:: Supplied material

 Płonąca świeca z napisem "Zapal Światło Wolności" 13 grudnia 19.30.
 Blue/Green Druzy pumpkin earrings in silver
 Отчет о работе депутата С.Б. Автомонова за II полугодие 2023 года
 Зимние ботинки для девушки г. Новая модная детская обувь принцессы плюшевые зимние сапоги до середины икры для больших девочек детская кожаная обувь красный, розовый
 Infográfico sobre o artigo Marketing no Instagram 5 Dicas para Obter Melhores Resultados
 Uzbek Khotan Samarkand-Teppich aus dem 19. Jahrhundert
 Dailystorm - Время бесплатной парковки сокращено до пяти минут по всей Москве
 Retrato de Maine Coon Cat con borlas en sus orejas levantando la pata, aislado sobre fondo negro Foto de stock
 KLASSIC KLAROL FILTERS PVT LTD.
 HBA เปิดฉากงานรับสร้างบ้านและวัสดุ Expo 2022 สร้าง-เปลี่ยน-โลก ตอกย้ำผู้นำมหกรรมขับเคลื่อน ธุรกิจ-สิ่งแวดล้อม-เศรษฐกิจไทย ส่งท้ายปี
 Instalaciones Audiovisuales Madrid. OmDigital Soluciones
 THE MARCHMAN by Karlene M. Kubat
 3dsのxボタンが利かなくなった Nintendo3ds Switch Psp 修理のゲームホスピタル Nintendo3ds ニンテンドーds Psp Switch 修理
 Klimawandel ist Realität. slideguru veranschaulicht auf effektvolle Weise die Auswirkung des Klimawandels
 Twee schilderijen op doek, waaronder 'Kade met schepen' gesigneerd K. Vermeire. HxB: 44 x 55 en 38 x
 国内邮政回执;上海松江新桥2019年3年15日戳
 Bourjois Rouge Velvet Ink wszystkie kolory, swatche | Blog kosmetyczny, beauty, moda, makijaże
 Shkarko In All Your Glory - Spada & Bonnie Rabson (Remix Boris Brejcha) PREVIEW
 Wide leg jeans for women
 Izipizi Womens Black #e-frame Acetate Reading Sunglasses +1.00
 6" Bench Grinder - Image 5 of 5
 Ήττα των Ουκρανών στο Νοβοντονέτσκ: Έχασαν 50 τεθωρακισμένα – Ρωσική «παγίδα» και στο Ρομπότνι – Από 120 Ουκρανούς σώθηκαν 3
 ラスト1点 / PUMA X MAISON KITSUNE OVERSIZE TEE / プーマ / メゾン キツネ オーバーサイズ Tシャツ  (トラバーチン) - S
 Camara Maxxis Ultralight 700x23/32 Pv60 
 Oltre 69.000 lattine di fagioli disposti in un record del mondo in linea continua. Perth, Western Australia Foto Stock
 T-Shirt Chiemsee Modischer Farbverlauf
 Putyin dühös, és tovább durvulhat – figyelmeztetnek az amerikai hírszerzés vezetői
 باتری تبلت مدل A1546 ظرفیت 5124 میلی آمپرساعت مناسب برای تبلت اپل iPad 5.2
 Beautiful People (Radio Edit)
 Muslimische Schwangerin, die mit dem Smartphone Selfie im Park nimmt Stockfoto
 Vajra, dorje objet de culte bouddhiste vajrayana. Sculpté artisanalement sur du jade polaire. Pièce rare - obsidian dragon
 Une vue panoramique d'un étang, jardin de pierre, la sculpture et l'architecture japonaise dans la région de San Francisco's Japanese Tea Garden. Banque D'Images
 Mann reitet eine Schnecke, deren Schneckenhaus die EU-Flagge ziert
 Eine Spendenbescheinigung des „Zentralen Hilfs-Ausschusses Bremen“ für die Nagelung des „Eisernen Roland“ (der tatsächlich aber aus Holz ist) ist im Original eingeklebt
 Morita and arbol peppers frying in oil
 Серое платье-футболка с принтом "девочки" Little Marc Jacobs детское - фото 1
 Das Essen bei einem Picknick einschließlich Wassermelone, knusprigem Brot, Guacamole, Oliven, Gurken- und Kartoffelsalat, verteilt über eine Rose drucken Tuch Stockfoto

::::

**Activity:** Which lines above contain the word "sobre"? List them.

**Solution for this task:**
 Infográfico sobre o artigo Marketing no Instagram 5 Dicas para Obter Melhores Resultados
 Retrato de Maine Coon Cat con borlas en sus orejas levantando la pata, aislado sobre fondo negro Foto de stock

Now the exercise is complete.